# Whats up with the NPHA?



## ultramag (Mar 23, 2010)

I've tried to contact them several times with no reply,anyone else experience this?


----------



## IPC (Feb 23, 2010)

Ultramag, I'm sorry for any inconvenience you might've had while trying to contact us. Fortunately someone that saw this thread knew how to get in touch with us! LOL!

I have asked each of our staff members to check their inbox's and voicemails this afternoon. Although I do not know your real name, what your problem is, or how you attempted to contact our organization, we cannot find *any* unanswered inquiries at this time. Please feel free to use the contact information below to get in touch with us at your convenience. Thanks:

General Questions: [email protected]
Forum Questions: [email protected]
Volunteer Inquiries: [email protected]


President: Jason R. Bruce
Email: [email protected]

Vice President: Dennis Voyles
Email: [email protected]

Treasurer: Jeremy Bontrager
Email: [email protected]

Secretary: Sven Setterdahl 
Email: [email protected]

*National Predator Hunters Association
P.O. Box 243
Avilla, IN 46710*


Phone: 1-877-ONE-HOWL
1-877-663-4695

Fax: 1-888-452-1962

For future reference, this information is available on www.thenpha.com​


----------



## catcapper (Feb 11, 2010)

WOW---Thats a great answer lol


----------



## ultramag (Mar 23, 2010)

Email sent to [email protected] .-Thanks,John


----------



## SWAMPBUCK10PT (Apr 5, 2010)

Hi there i joined npha at the world predator expo in march--great bunch of guys---all of us predator callers and hunters should join--we'er going to need repetition and its a good club to be a member of


----------



## illinipredator (Jul 17, 2010)

Anyone can start a group and ask for money.
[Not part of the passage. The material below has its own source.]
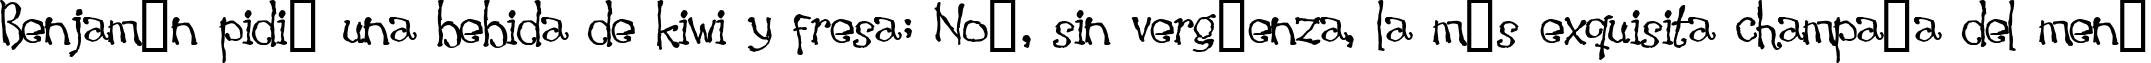 Пример написания шрифтом Waking the Witch текста на испанском
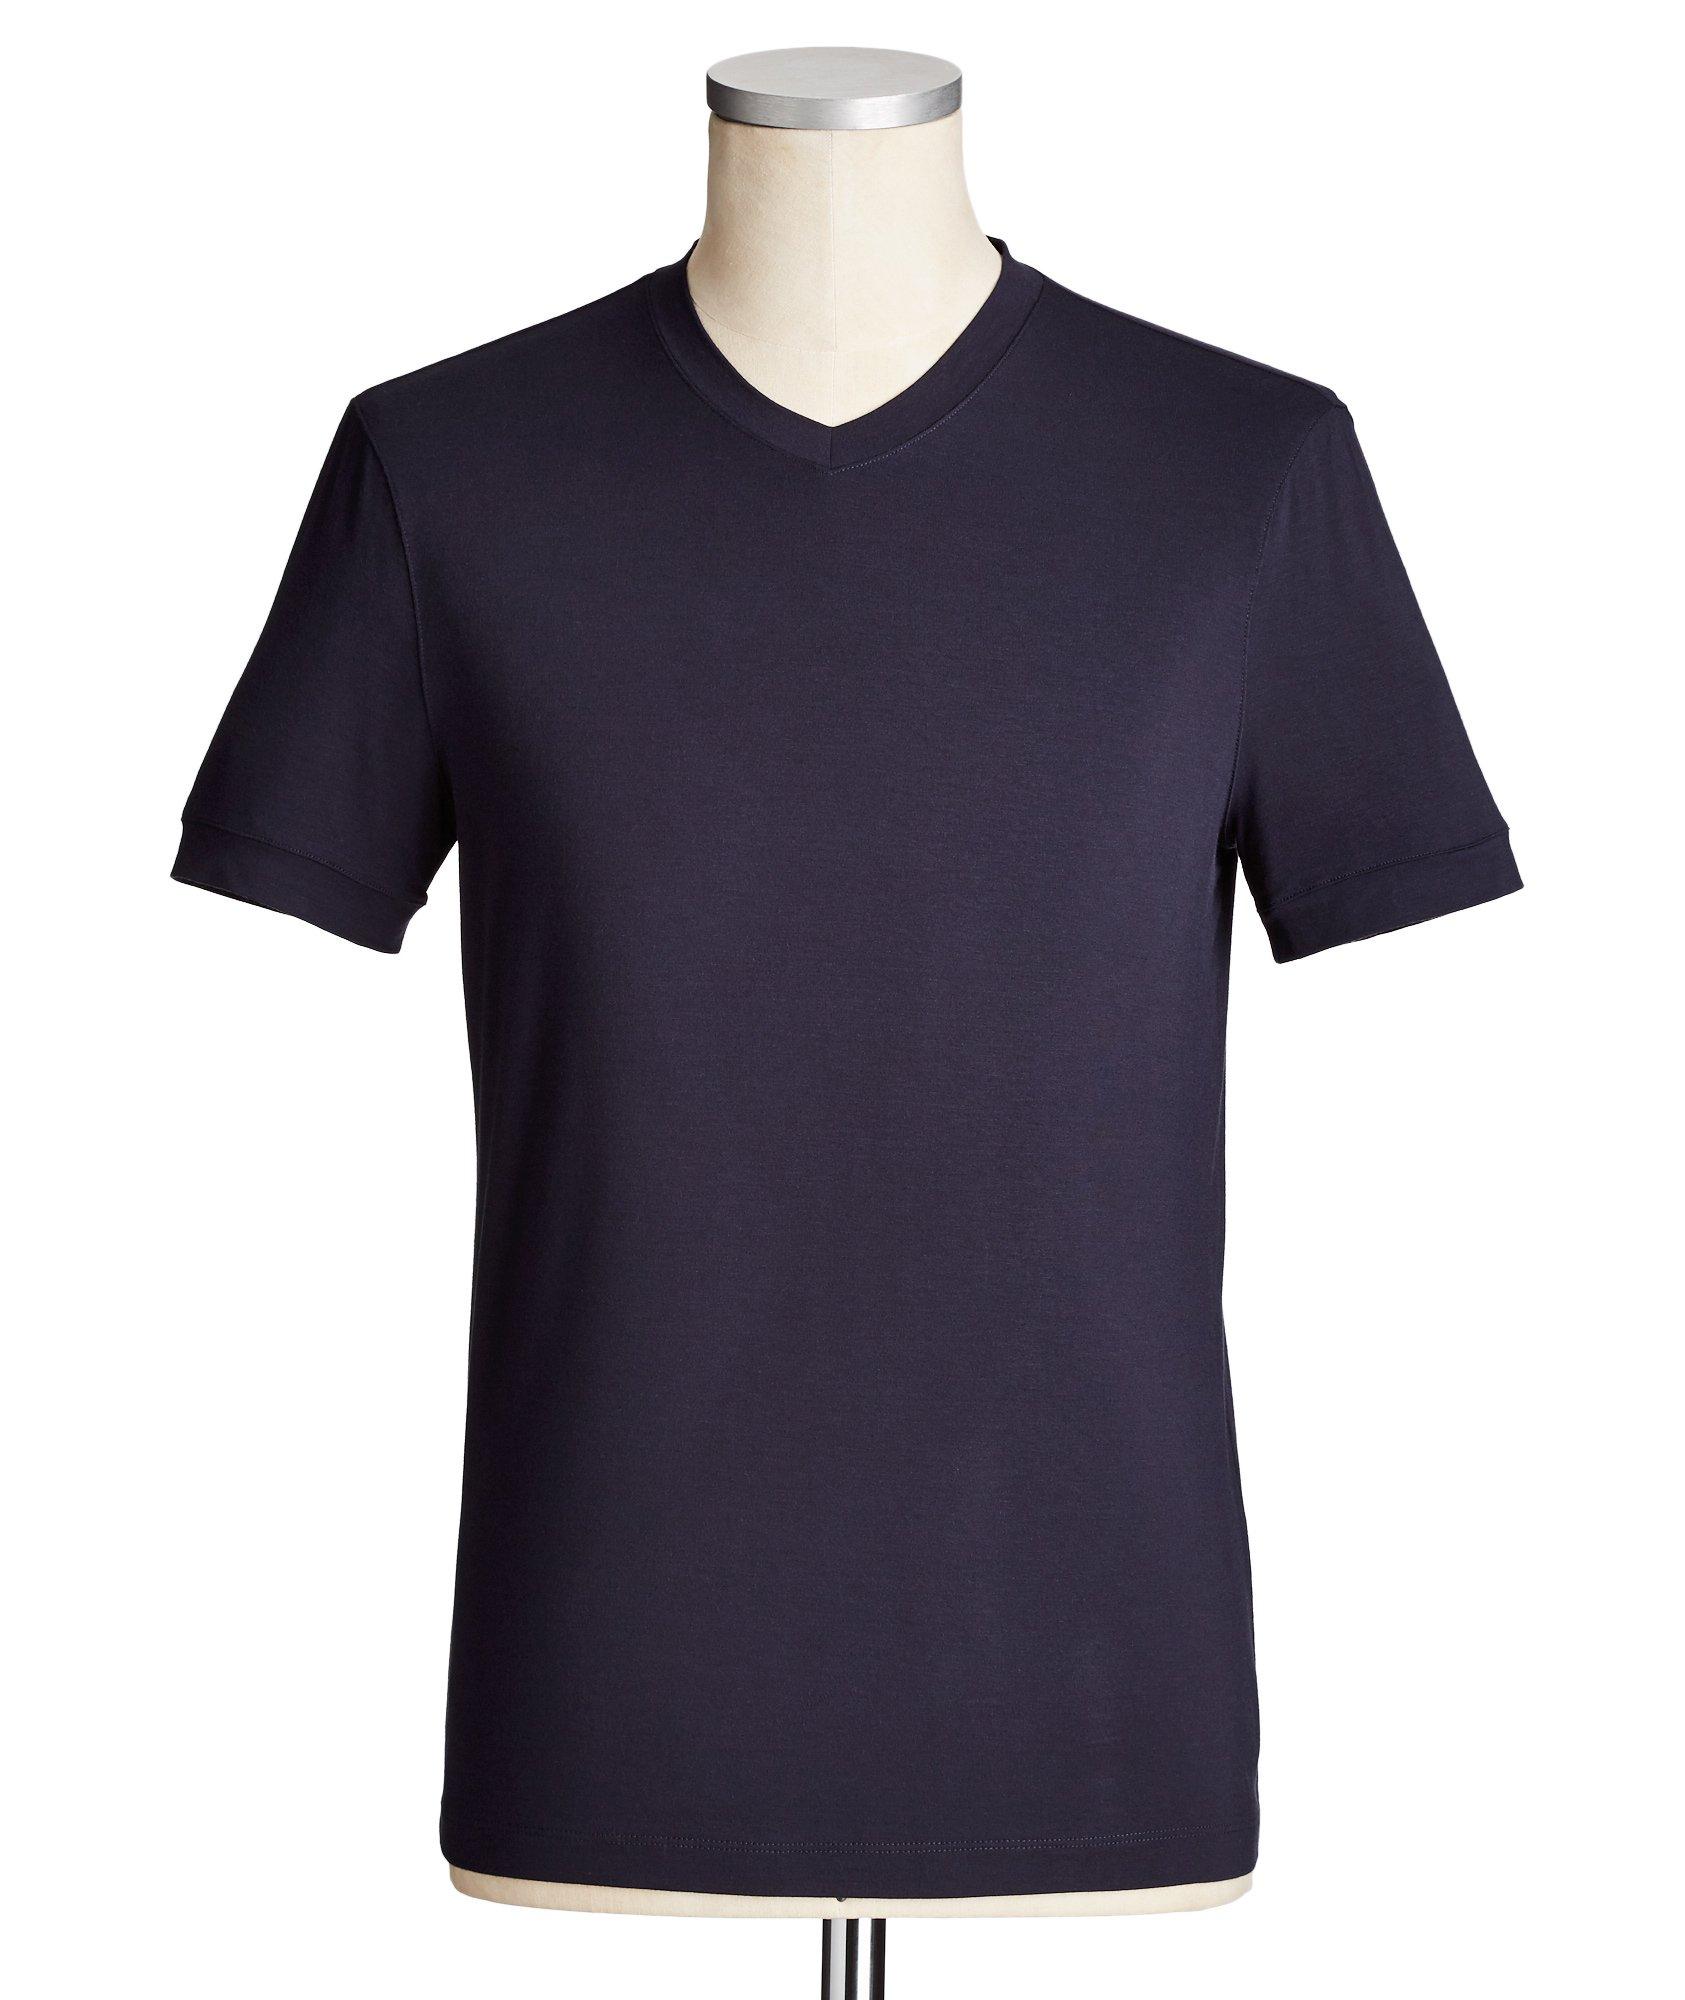 Stretch Blend T-Shirt image 0

Too many times have I seen these orgs like this start up and never show where your membership money goes.


----------



## El Gato Loco (Jan 15, 2010)

illinipredator said:


> Anyone can start a group and ask for money. Too many times have I seen these orgs like this start up and never show where your membership money goes.


I've seen that happen too, but I am not going to judge every one of them that starts up just because of a few bad apples.


----------



## On a call (Mar 3, 2010)

Yeppers,,,, bad apples need to be sorted out and fed to the hogs.....


----------